I wondered how often such disrespectful dissent occurred in the hallowed halls of the Supreme Court. Law professor Stephanie Tai helpfully pointed me to a Harvard Law Review note, “From Consensus to Collegiality: The Origins of the ‘Respectful’ Dissent,” that charts the history of dissents both respectful and less so. The convention is one that’s only been around for 50 years, but in that time it has become a quite durable one, making departures from it quite striking.

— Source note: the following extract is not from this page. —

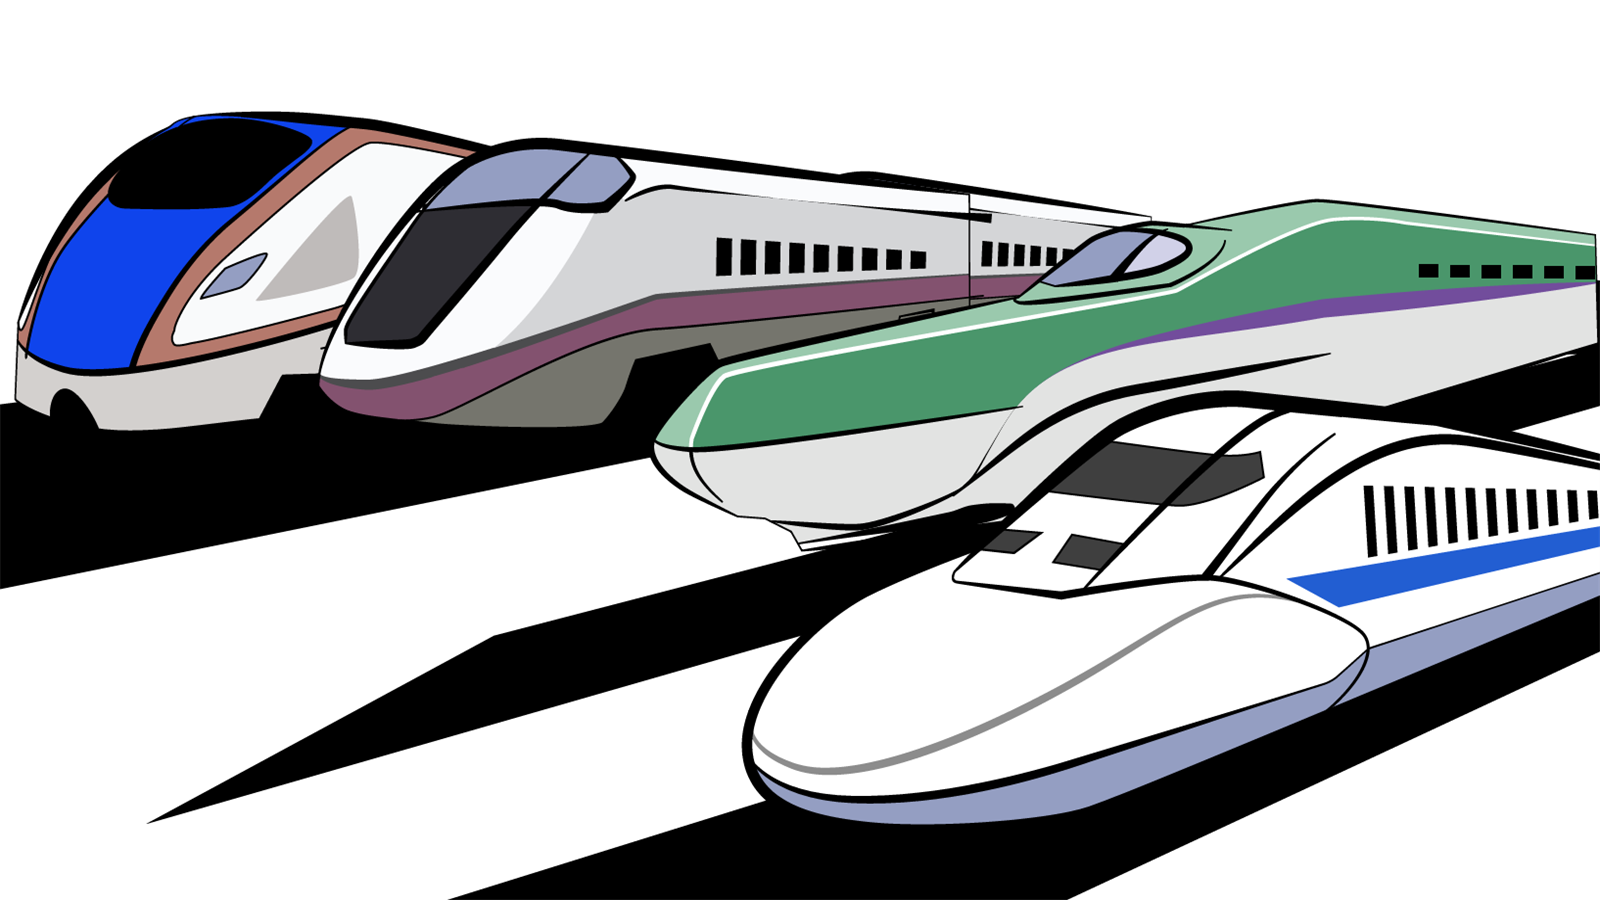 The Story Behind the Development of Shinkansen

The note, by New York attorney Chris Kulawik, takes its inspiration from ordinary language philosopher J.L. Austin’s theory of speech acts. In How to Do Things With Words, Austin discussed certain speech acts as “performative utterances,” statements that draw their meaning not just from the semantics of their words but from the social context in which the words are uttered. The classic example is “I do,” in a marriage ceremony, which has a network of implications and commitments far beyond what the two words would mean in any other context. Another example would be when Scalia referred to Ginsburg as “Goldberg” the other week, a seeming slip of the tongue to which some imputed more sinister significance. Likewise with “I respectfully dissent” and “I dissent,” which in the patois of the Supreme Court take on the implications of a courteous response and a furious retort, respectively.
In the early history of the court, dissents were polite, defensive, and even apologetic, stressing the focus on consensus. “In any instance where I am so unfortunate as to differ with this Court,” Justice Bushrod Washington pleaded in U.S. v. Fisher (1805), “I cannot fail to doubt the correctness of my own opinion. But if I cannot feel convinced of the error, I owe it, in some measure, to myself, and to those who may be injured by the expense and delay to which they have been exposed, to show, at least, that the opinion was not hastily or inconsiderately given.” By the 20th century, dissent had become enough of a norm not to require such hand-wringing, though it was still comparatively rare. But by 1950, dissent was both common and far more prominent: Dissents were not just expressions of disagreement but judicial statements. With the Warren Court taking on ever more divisive social issues, the court tried to mitigate its own divisions by embracing a “norm of collegiality,” embodied by the respectful dissent.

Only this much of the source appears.